Thursday, February 23, 2012

A Meditation On, Of All Things, Moss

On a rare day off this week, I took our dog for a walk down our block, a block of century-old houses on tiny lots with scraggly lawns. The sun was bright, the sky was clear and my neighbor Anita, nearing 60, was seeding her lawn.

As we chatted, I noticed moss had taken over parts of her pocket-sized front lawn. I told her how pretty it all looks. Anita, who is some kind of scientist for a pharmaceutical company, said our neighbor Ruth farther down the block, a landscape architect with grown children, told her to let the moss grow. Moss, she said, is good for the soil. I am now thinking it is good for the soul, too.


I am glad to have such thoughtful neighbors.

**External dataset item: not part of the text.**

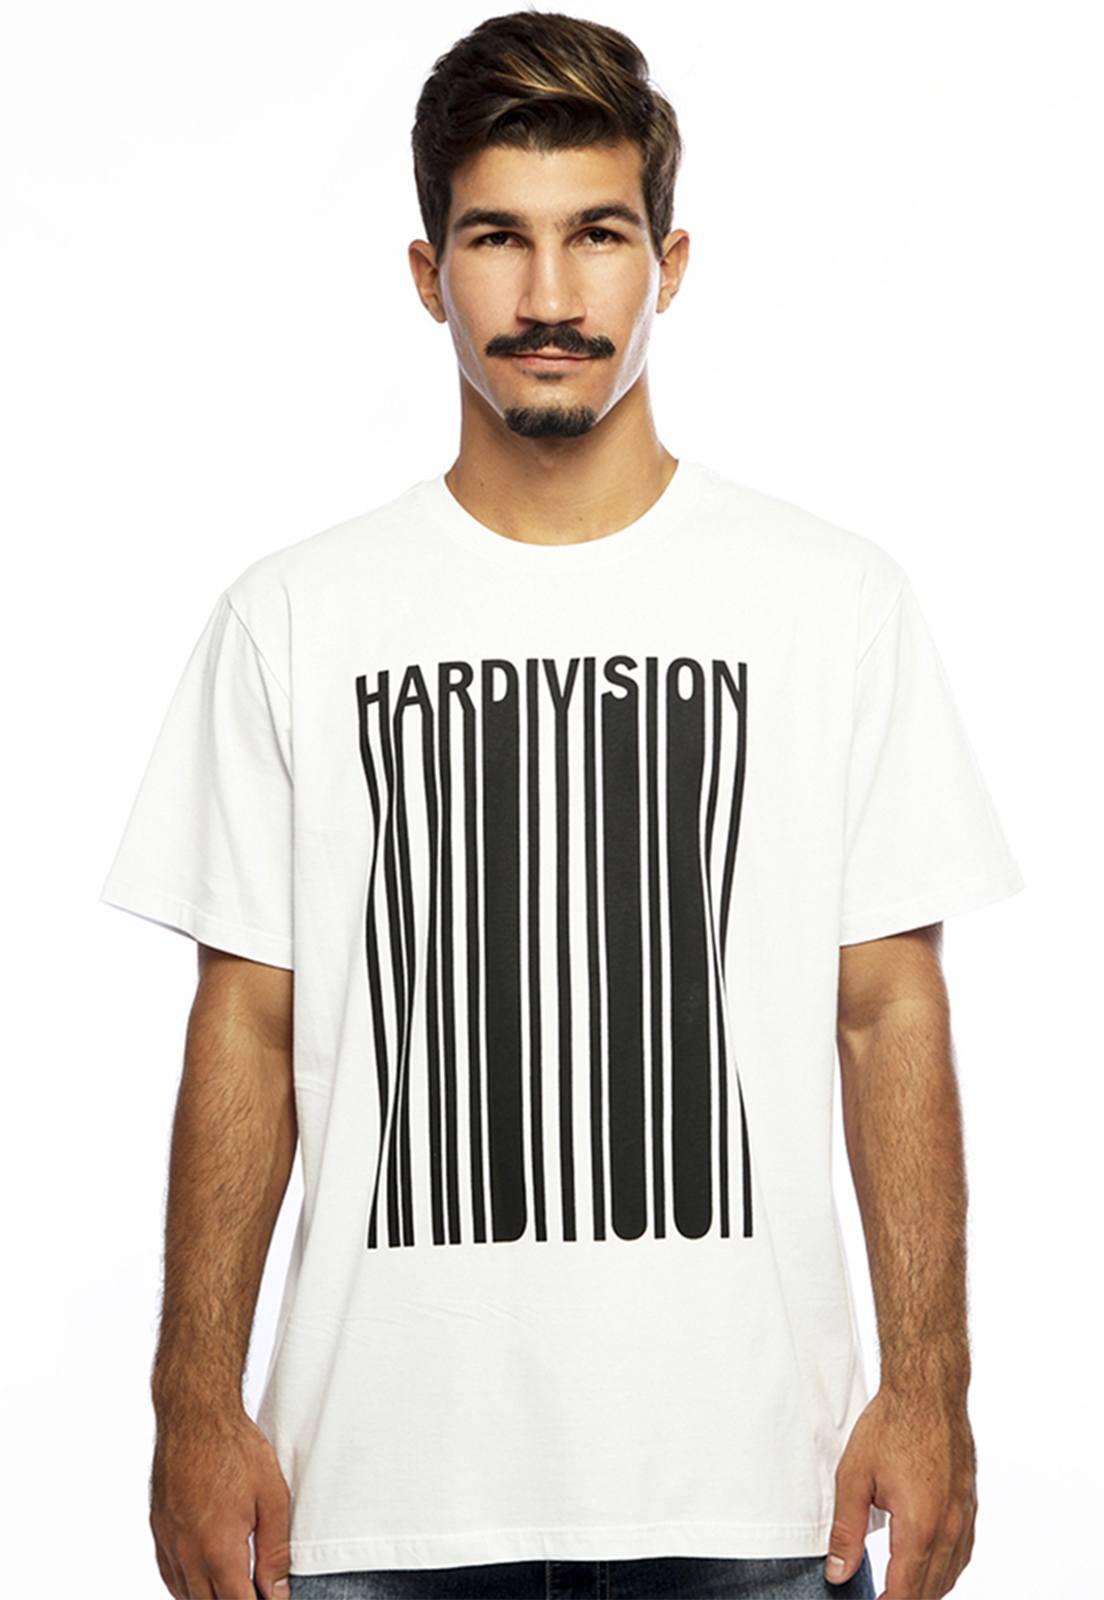 Camiseta masculina branca New Order - 100% algodão - Hardivision

Many consider moss a nuisance, a weed, something to be banished from their suburban lawns with products like Moss-Out, Moss-Kil, and Rid-Moss. How foolish we are; moss is the oldest plant on the planet, more than 480 million years old. Moss is so pretty.

Without moss, the life in front of us would never have evolved.

Later, I kept mulling about moss, how it has been around before people and our sin, before men dreamed up the quests of Gilgamesh and Odysseus and way before Christ shattered the dimensions of time and space to save us from ourselves.  I thought about how the Presence who summoned humanity into being summoned fragile moss first.

1 comment:

  1. I am short on time, wish I could say more, but I do love this... Moss, beautiful. Truly seeing God in all things!